Has your DH taught him to pee standing up yet? This helped things along in our house a lot!

yeah, I agree, I'd rather change dipes than clean up pee. Good luck!


----------



## Kirsten (Mar 19, 2002)

I think the hard part is that when HE is ready may be different from when WE are ready...







I have heard the average age of potty training is 3 for girls and 3.5 for boys. I know plenty are earlier, and some are later - but unless the child himself asked/showed interest/had the signs of readiness, I wouldn't try prior to 2.5 for girls and 3 for boys.

And they make diapers in sizes up to well past even a large four year old - for kids who have bed wetting issues. A friend's 8 year old boy had nighttime accidents for years - and they sold those sizes in Safeway and Target (common stores here - not sure where the OP is).

I just really believe that unless the child is both physically and emotionally ready, no amount of timers or candy or anything will really be effective to the point of trusting that you can be out of the house with him in underwear. To me, accidents away from home are much harder (on mom and on child) than changing a diaper when necessary.

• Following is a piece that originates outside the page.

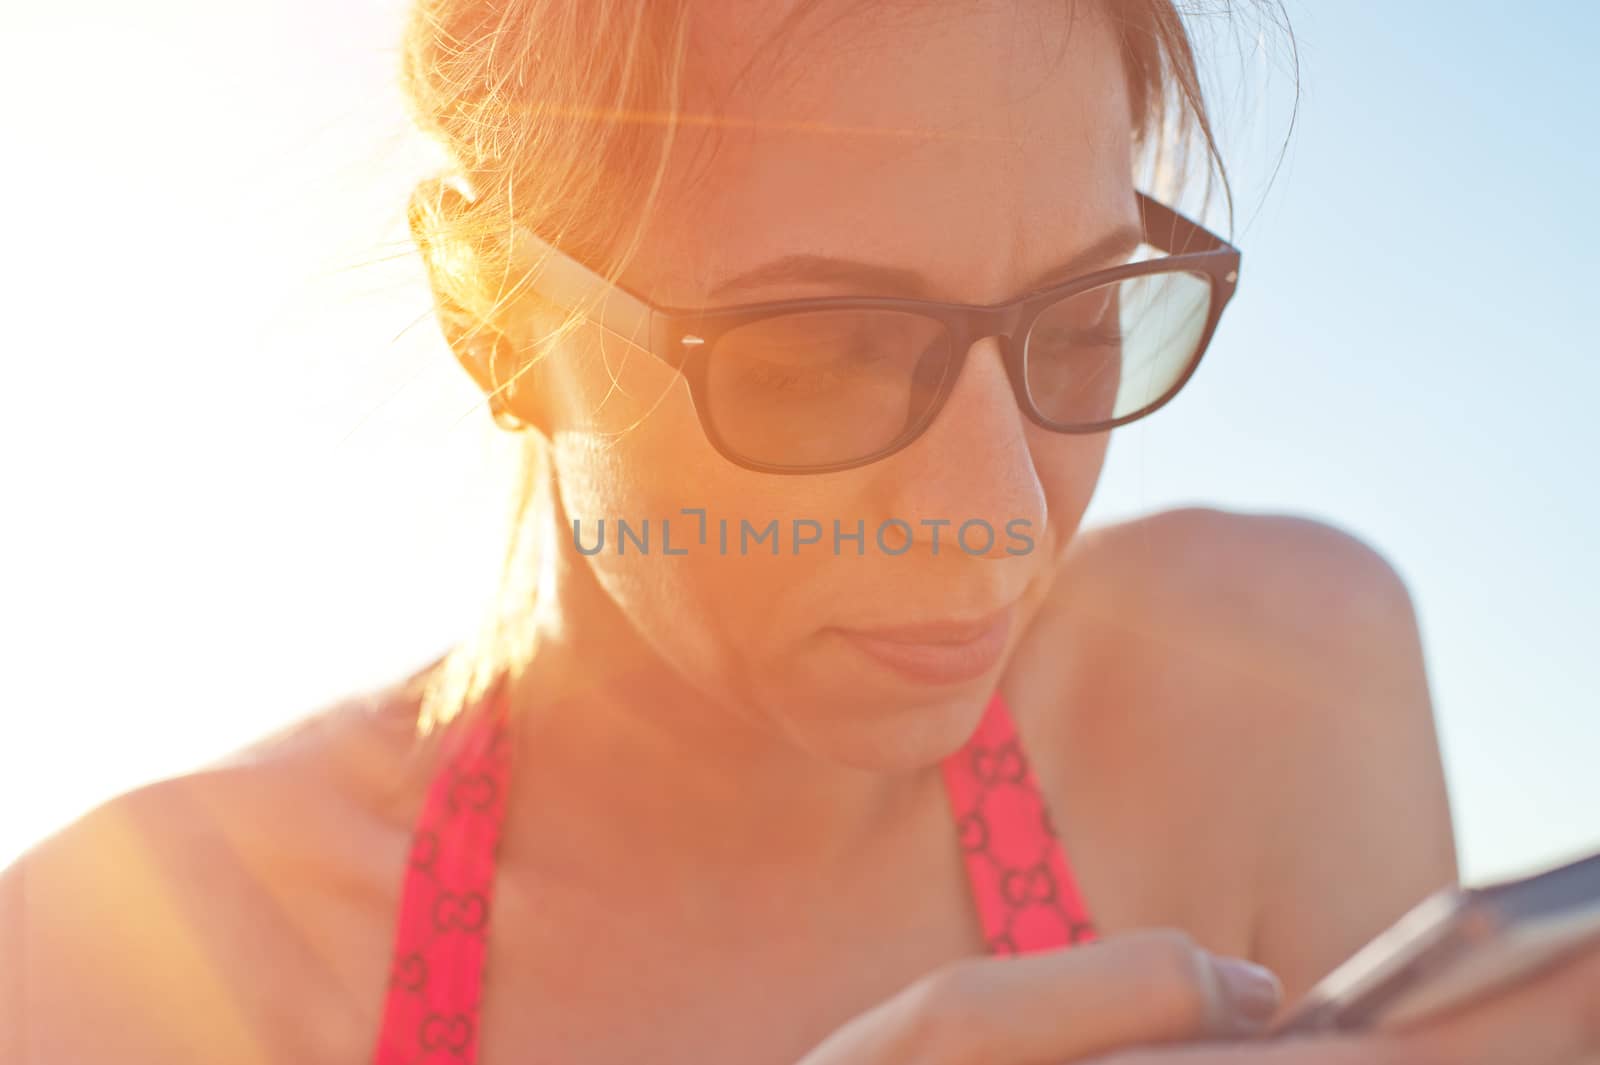 Woman at beach, close up still life portrait

I would give potty learning a break for as long as it takes for him to show all the signs of readiness. Maybe when he sees that you are really willing to wait for him to be ready, he will be ready sooner rather than later.


----------



## Llyra (Jan 16, 2005)

Since this threat has been brought back, I should update.

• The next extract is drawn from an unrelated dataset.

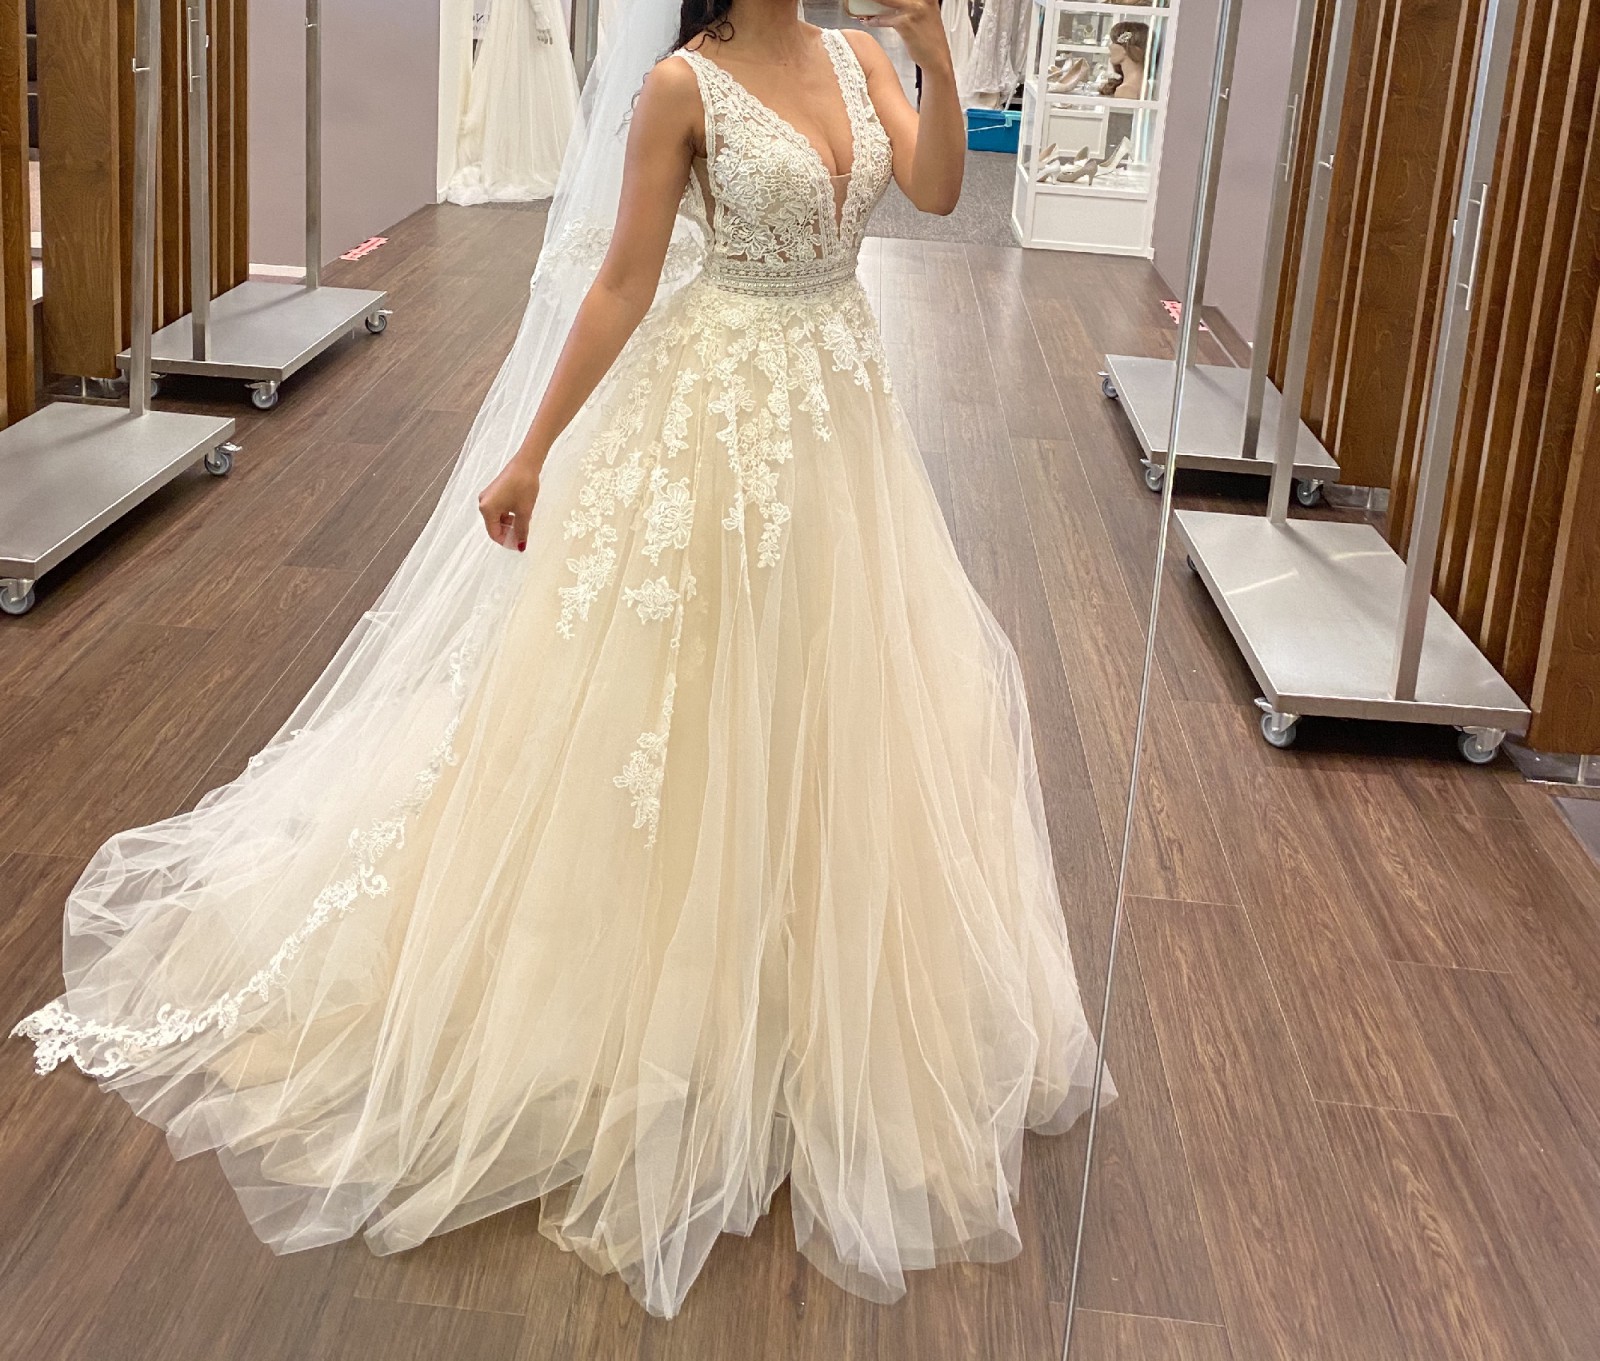 Enzoani Lavender New Wedding Dress Save 53% - Stillwhite

DS is very happily and proudly pottying almost every time, these days. He's not reliable when we're at too long a distance from a bathroom; he's got a very short interval between "gotta go," and "GOTTA GO NOW," so he wears diapers if we're going to be somewhere like the mall where the bathroom is at a distance. But he's pottying at other people's homes, and at church, and places like that. I don't know what got him over the hump, but now we're in business. I think he really needed some steady consistency-- I agree with the PP that for some kids, it's best to give it up and try again later. But I don't think this was true for DS. All the switching back and forth-- me deciding to give it a few weeks, then trying again, then going back to diapers again-- was confusing to him. So I think that in his case, toughing it out through a difficult week but insisting on underpants was exactly the right thing to do.

Besides I really do think that a child who's capable physically of holding it and letting it out in short bursts, on purpose, to get more rewards, is a child fully and totally capable of toileting. It seemed ridiculous to put a child with so much physical control back in diapers, no matter what shenanigans he's getting up to.

FWIW, he's now abandoned that game, for a new one that involves climbing on his twin sister in the middle of the night when she's sound asleep, and scaring the living crap out of her by screaming right in her ear. So now I have a new challenge to cope with...


----------



## mamadeb (Sep 22, 2006)

Quote:


Originally Posted by *Llyra* 
FWIW, he's now abandoned that game, for a new one that involves climbing on his twin sister in the middle of the night when she's sound asleep, and scaring the living crap out of her by screaming right in her ear. So now I have a new challenge to cope with...









Thanks so much for the laugh. I was searching the forums today for ideas for my 3 yo DD that is still wetting and refuses to poop on the potty much of the time. I find this thread and just cried I was laughing so hard.

It's a good reminder that kids are on their own path. They have certain ideas of what works and those don't always match up with our own.

Onward - and good luck to all trying to potty train!


----------